Please repeat the listing below exactly, but do not include its pictures.

THE DATA:
Content starts
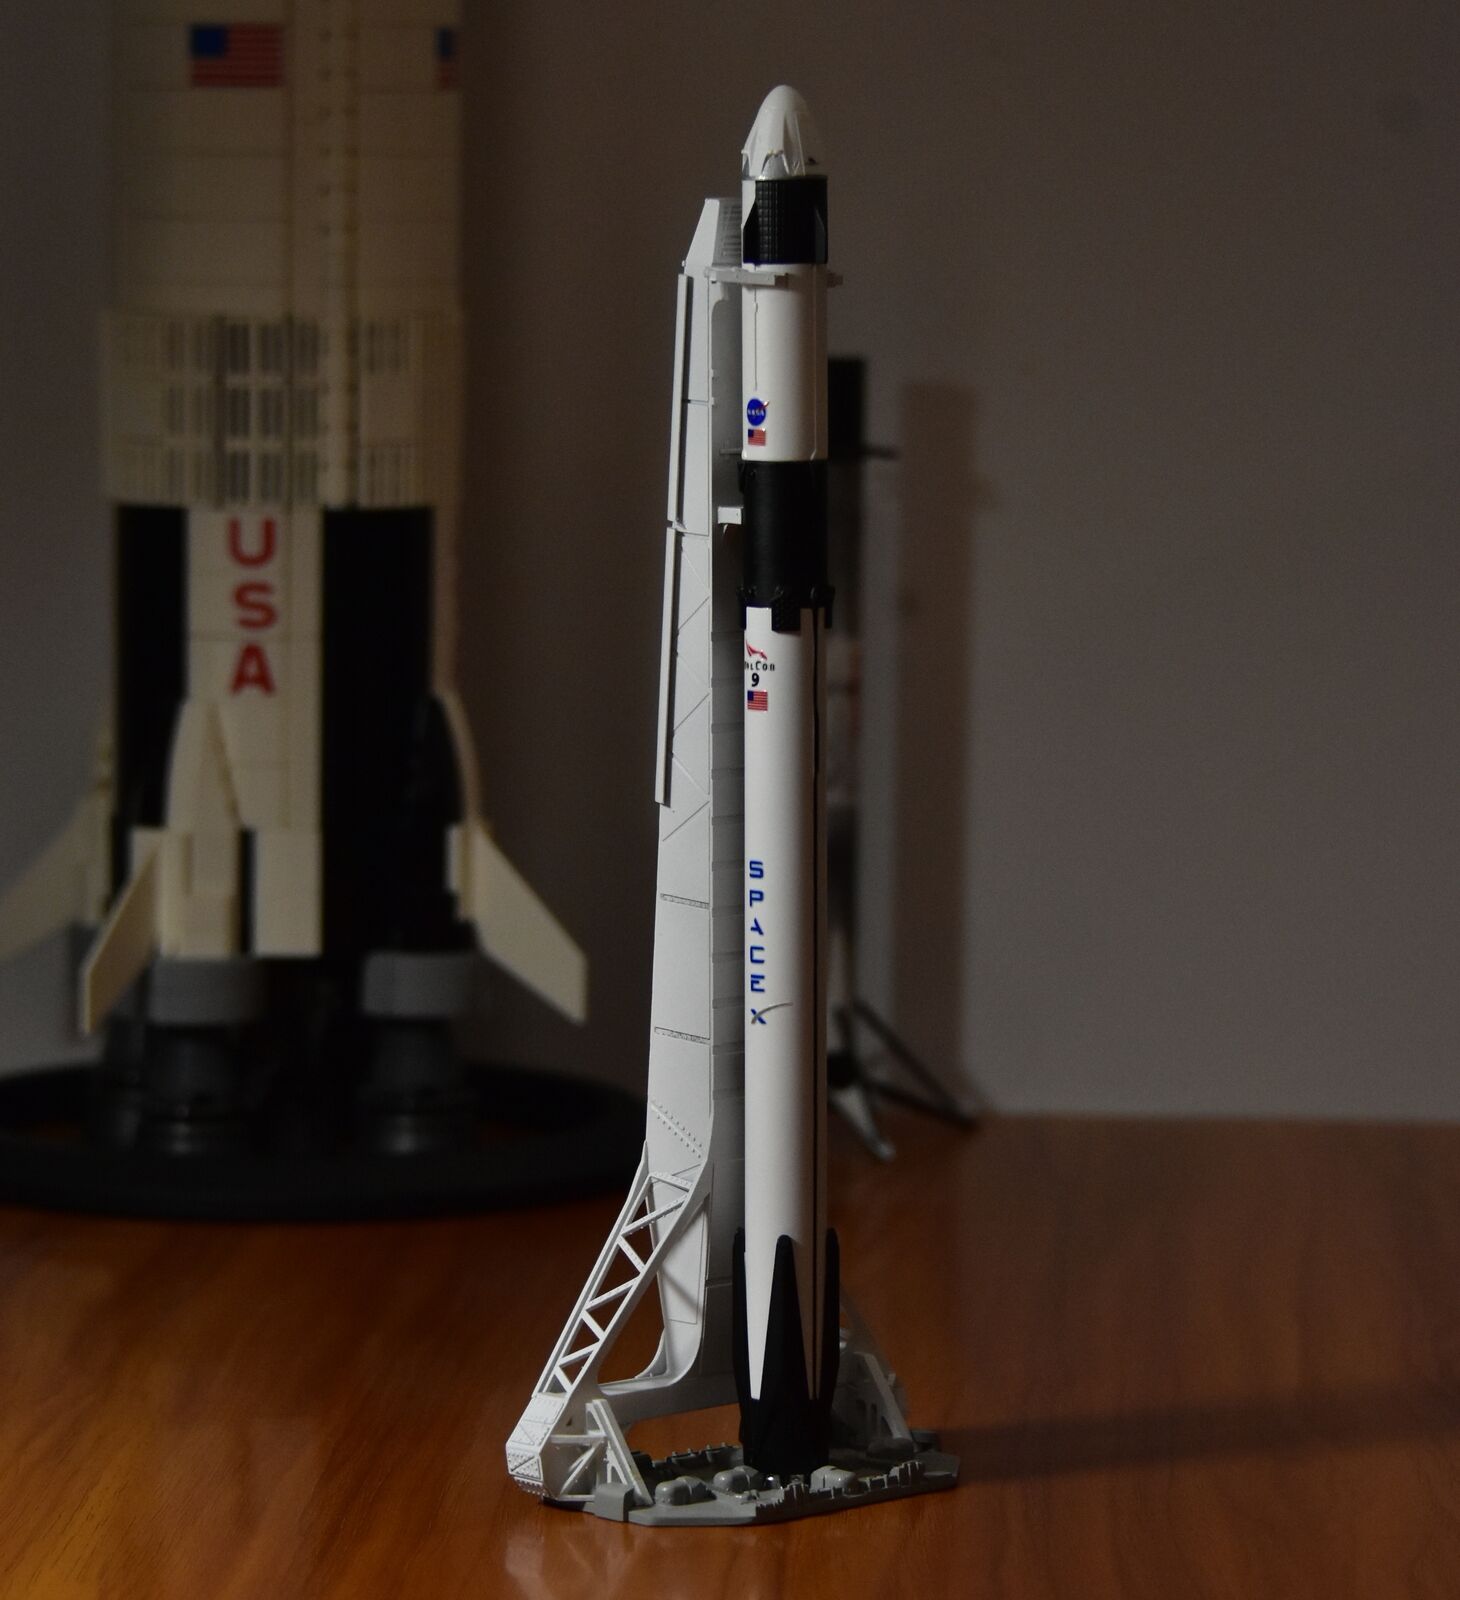 SpaceX Falcon 9 Rocket F9 Model with Tower
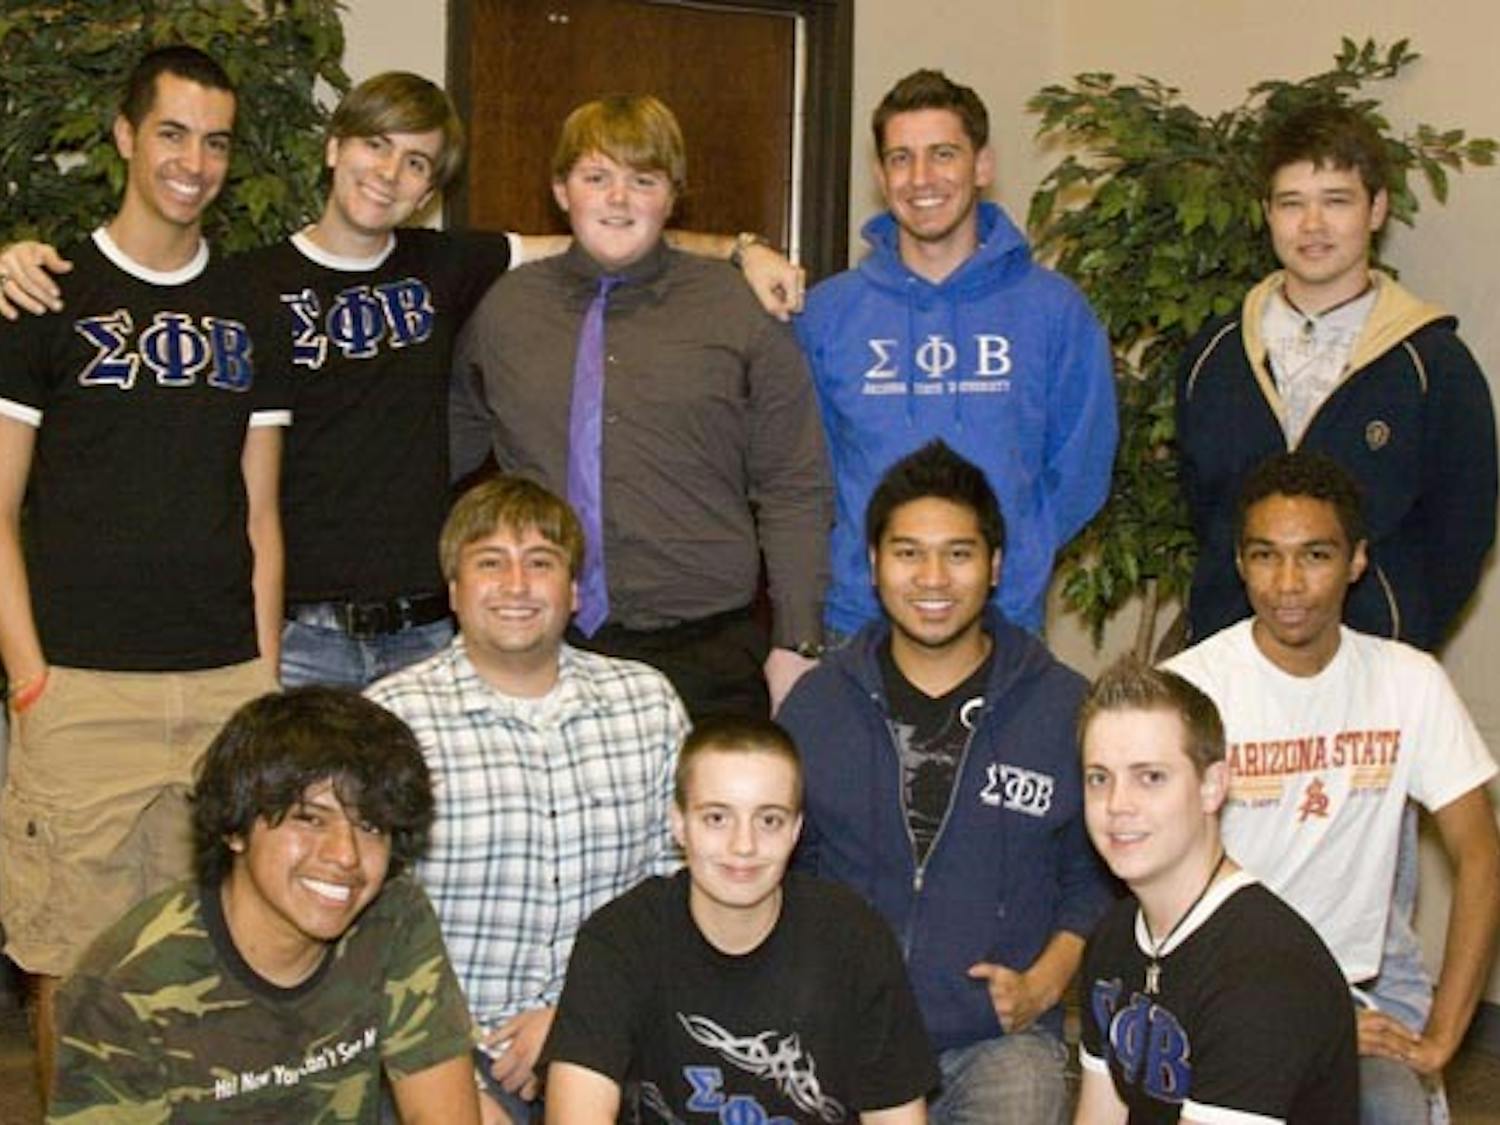 NATIONAL EXPANSION: Sigma Phi Beta, the gay-stratight allied fraternity founded at ASU, will initiate new members at Indian University making it the first successful expansion for the fraternity. (Photo by Annie Wechter)
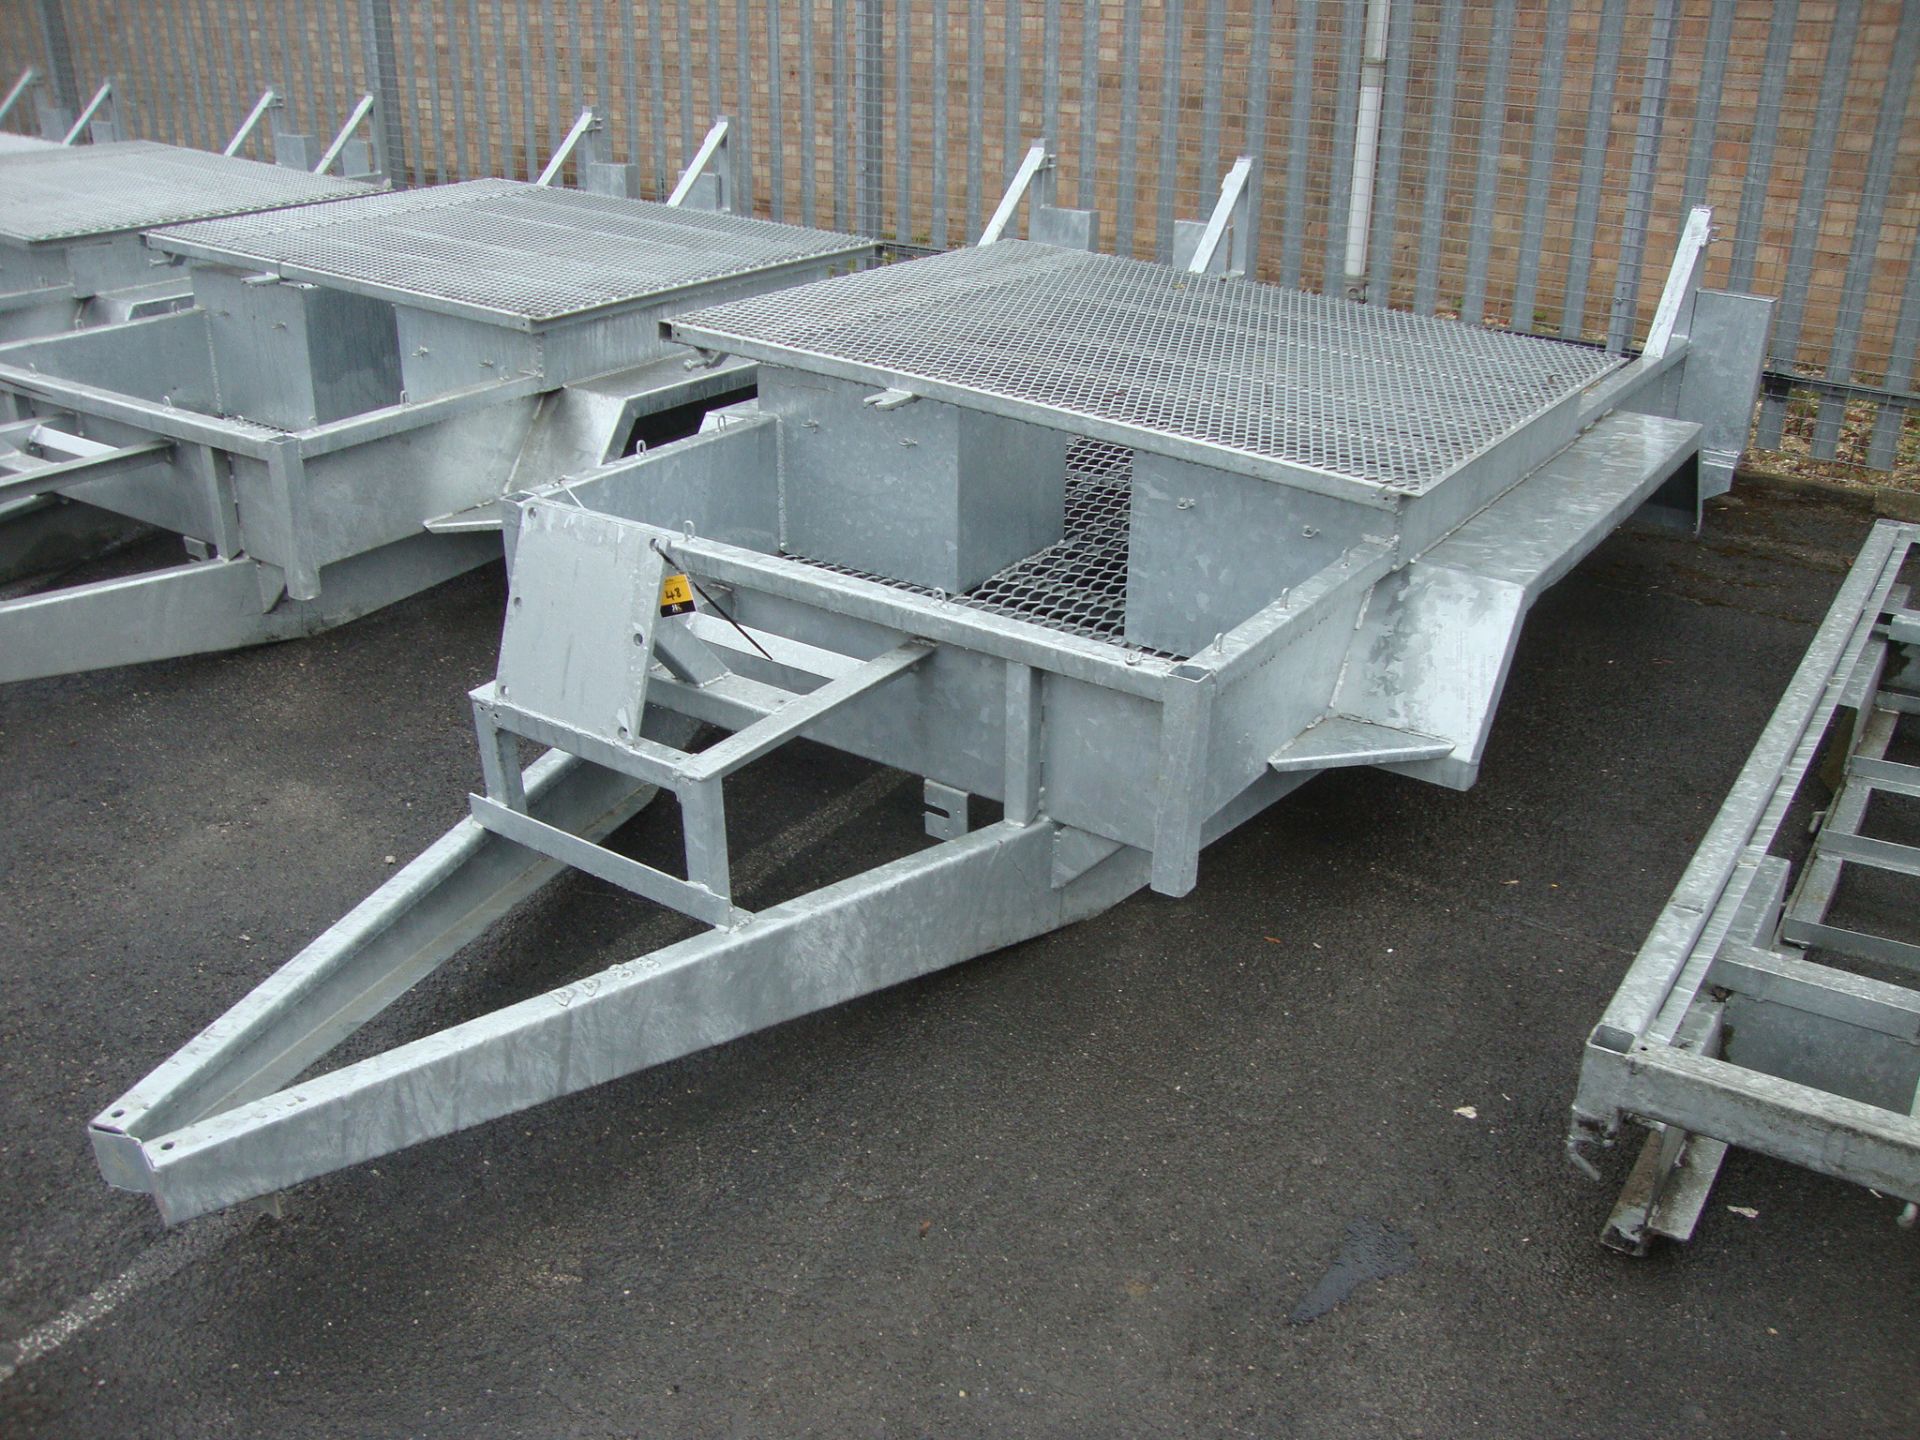 Mini digger/excavator trailer chassis, in galvanised steel, incorporating shrouds for driving the - Image 2 of 4
Content ends
ANSWER BELOW:
 SpaceX Falcon 9 Rocket F9 Model with Tower
 NATIONAL EXPANSION: Sigma Phi Beta, the gay-stratight allied fraternity founded at ASU, will initiate new members at Indian University making it the first successful expansion for the fraternity. (Photo by Annie Wechter)
 Mini digger/excavator trailer chassis, in galvanised steel, incorporating shrouds for driving the - Image 2 of 4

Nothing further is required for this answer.